• _Exercise details_: Beneath this task are records; print exactly the stretch of them from the line with "Обычные брюки LAURASØN, светло-розовый" through the line with "Best overall Sujihiki", both ends included.

• _Data to examine_:
────────────────────────────────────────

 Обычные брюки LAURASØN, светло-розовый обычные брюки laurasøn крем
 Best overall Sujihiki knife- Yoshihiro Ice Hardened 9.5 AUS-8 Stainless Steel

────────────────────────────────────────

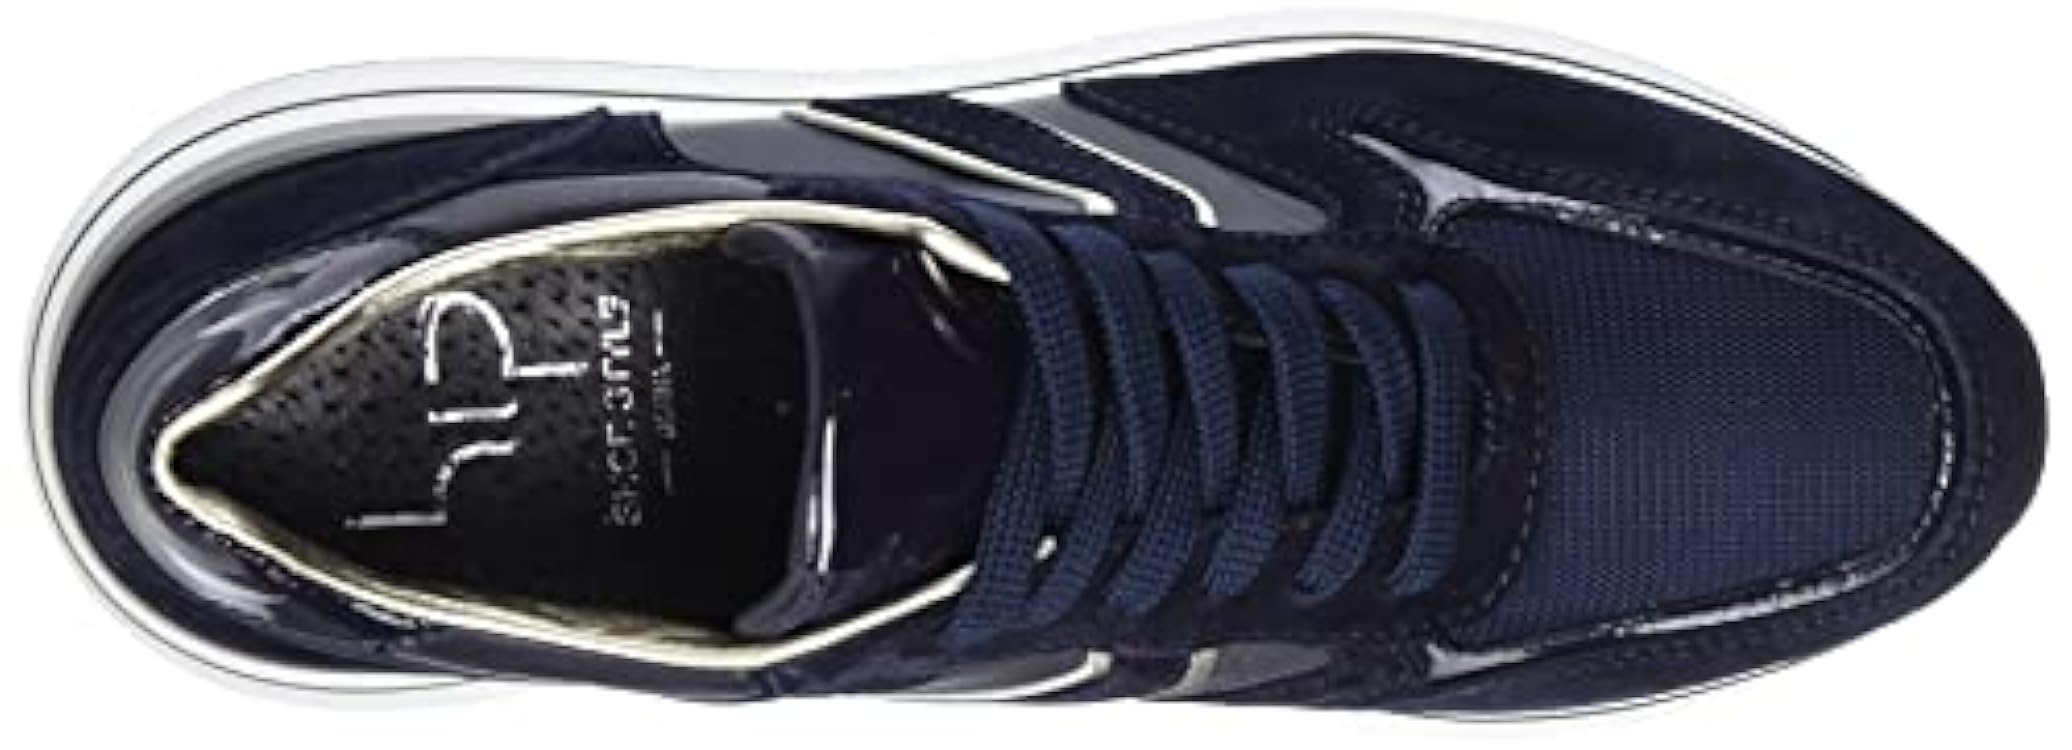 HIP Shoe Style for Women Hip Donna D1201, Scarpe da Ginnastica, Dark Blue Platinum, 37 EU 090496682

────────────────────────────────────────

• _Reply to the task_:
 Обычные брюки LAURASØN, светло-розовый обычные брюки laurasøn крем
 Best overall Sujihiki knife- Yoshihiro Ice Hardened 9.5 AUS-8 Stainless Steel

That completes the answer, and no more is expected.